Shirley Hoagland is among the most vocal Conroe residents opposing the project. The well from which her family draws its water sits barely 300 feet from the proposed waste site.

In 2005, when TexCom bought 27 acres in Conroe and applied for the permit, the fashionable, then-65-year-old evolved into a door-knocking grass-roots activist. First, she took her high heels and Texas twang door-to-door. Then she went on a petition drive. Today, she is a veteran leader of Citizens, Residents Oppose Wells.

"I don't want my water ruined," said Hoagland, whose home is adorned with a massive red sign declaring her opposition to the well. "I want my family safe."

Today, her group is backed by an army of angry residents, state lawmakers, local water authorities and the Montgomery County attorney, David Walker.

The city and county are concerned about water contamination and the hundreds of additional 18-wheelers that would travel the already congested, snaking road that leads to several rapidly growing subdivisions, Walker said.

The battle has already cost $200,000, he added, but they will go to court if necessary.

The TCEQ, anticipating further appeals and possible litigation, would only answer e-mailed questions.

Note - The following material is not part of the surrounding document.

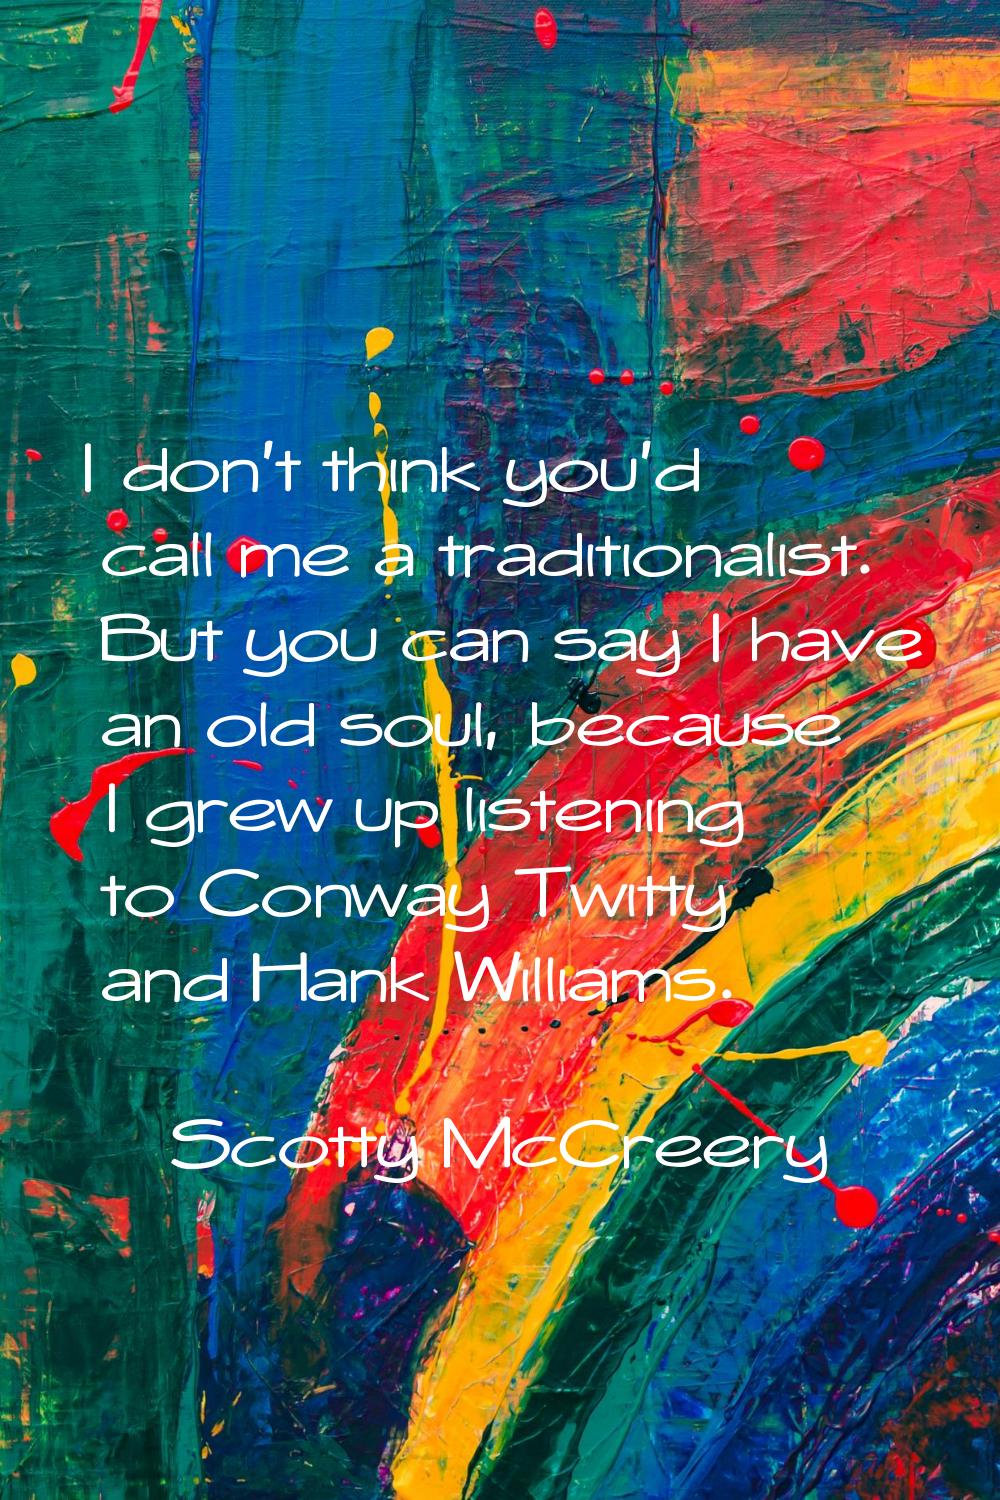 I don't think you'd call me a traditionalist. But you can say I have an old soul, because I grew up
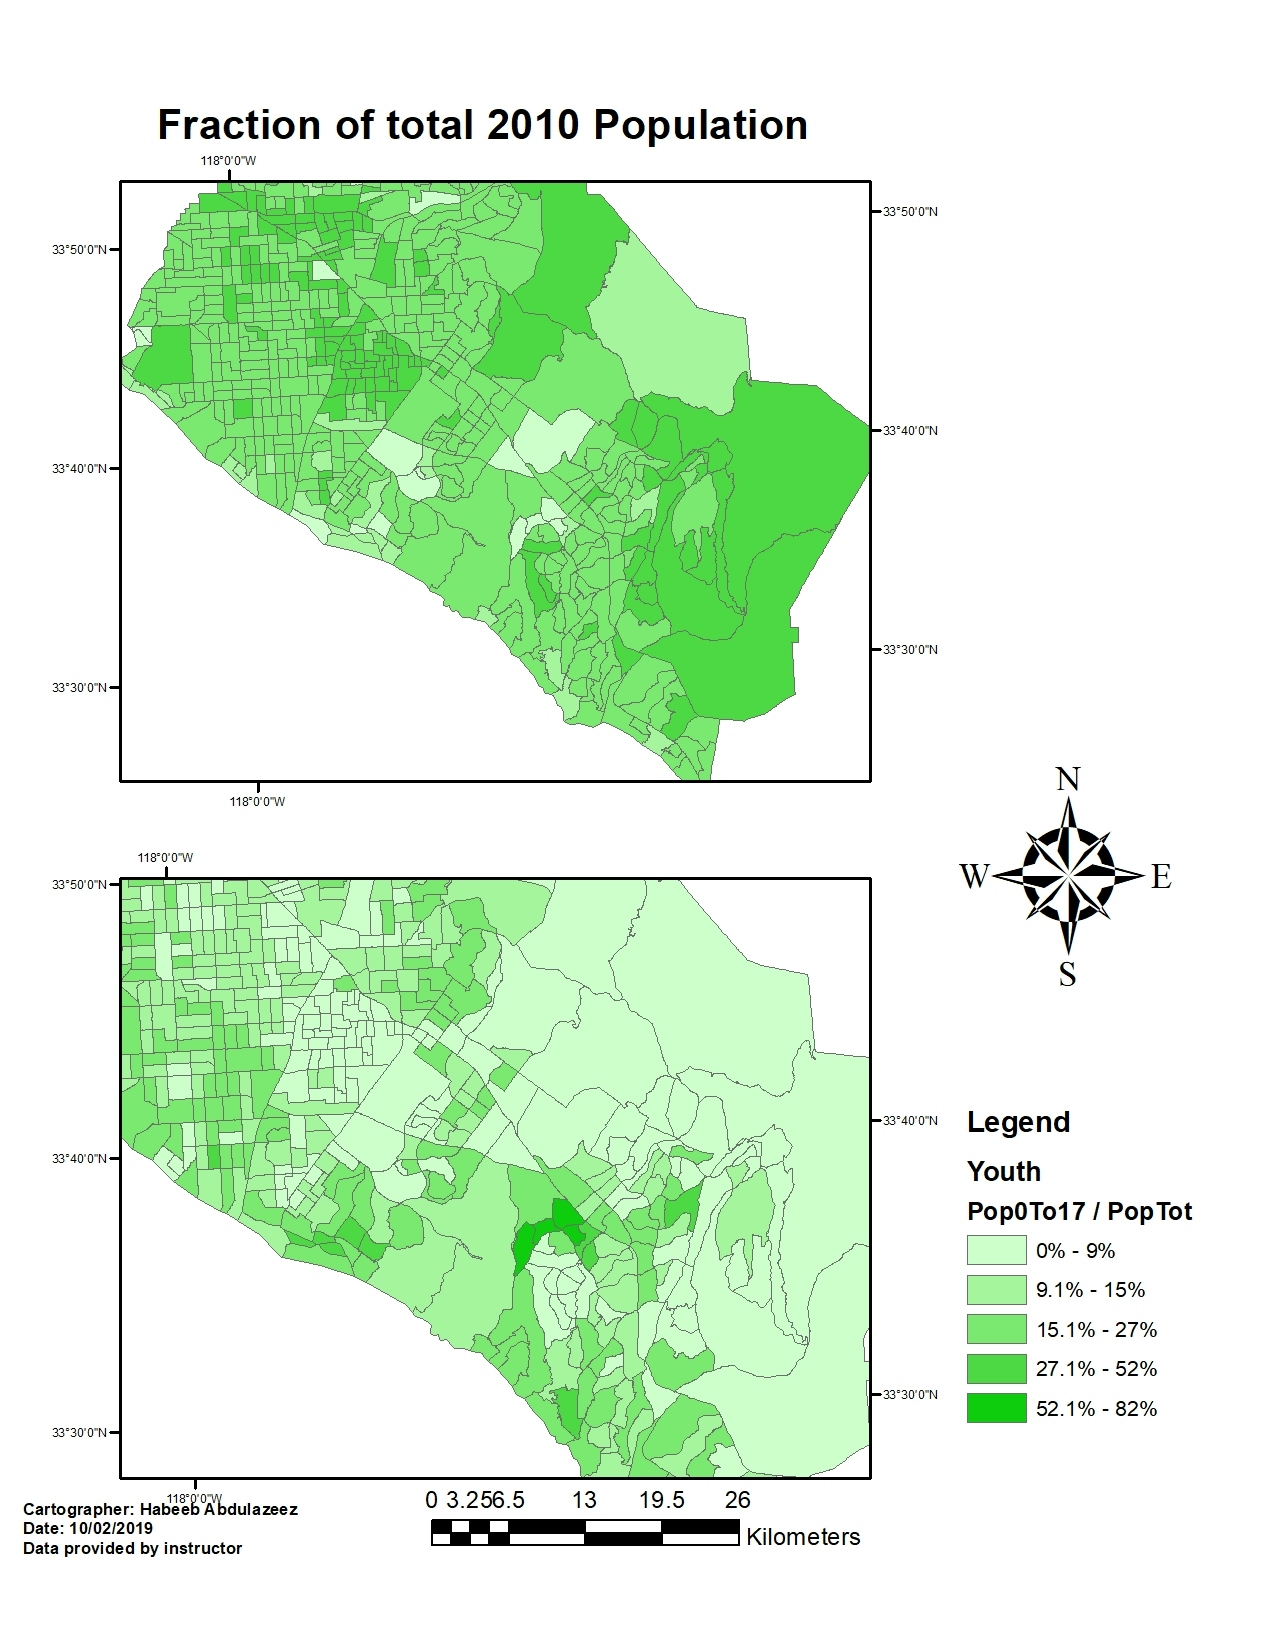 Comparing 2010 elderly and youth population compositions in Orange County, California

It acknowledged the state Railroad Commission reversed an initial position that stated the oil and gas resources would be unharmed, but did not indicate it would reconsider its permit.

The TCEQ also downplayed EPA officials' opposition to the project, saying the federal agency only suggested a "correction to a typographical error" to the draft permit.

"Waste activity authorizations are contentious and rarely supported by the majority of those who comment on the applications," the TCEQ said in an e-mail to The Associated Press. "That is why TCEQ relies solely on our scientific review and state and federal law to base our decisions."

Dellinger said the EPA is concerned the abandoned oil wells could act as conduits and believes the calculations TexCom used to test the shale's permeability were incorrect -- meaning the likelihood waste could migrate through the formation could be greater than estimated.

"We have expressed concern at both at various points in the process," Dellinger said.

In the end though, the residents may find their best friend is Denbury, the oil company that plans to pump carbon dioxide underground to extract minerals packed deep into the hard rock.

Already, Denbury has arrived at hearings with attorneys and conducted expensive seismic testing. After the test results were presented to the Railroad Commission as evidence the waste project could harm the minerals, the agency rescinded its "no harm" letter.

Denbury President Tracy Evans said the company will exhaust its internal agency appeals and views litigation as a possible solution.

"We will defend our position vigorously," Evans said, noting that while he doesn't believe the waste would migrate to the aquifers, "there is no question they will interfere with the oil and gas production."

In Texas, those could be fightin' words.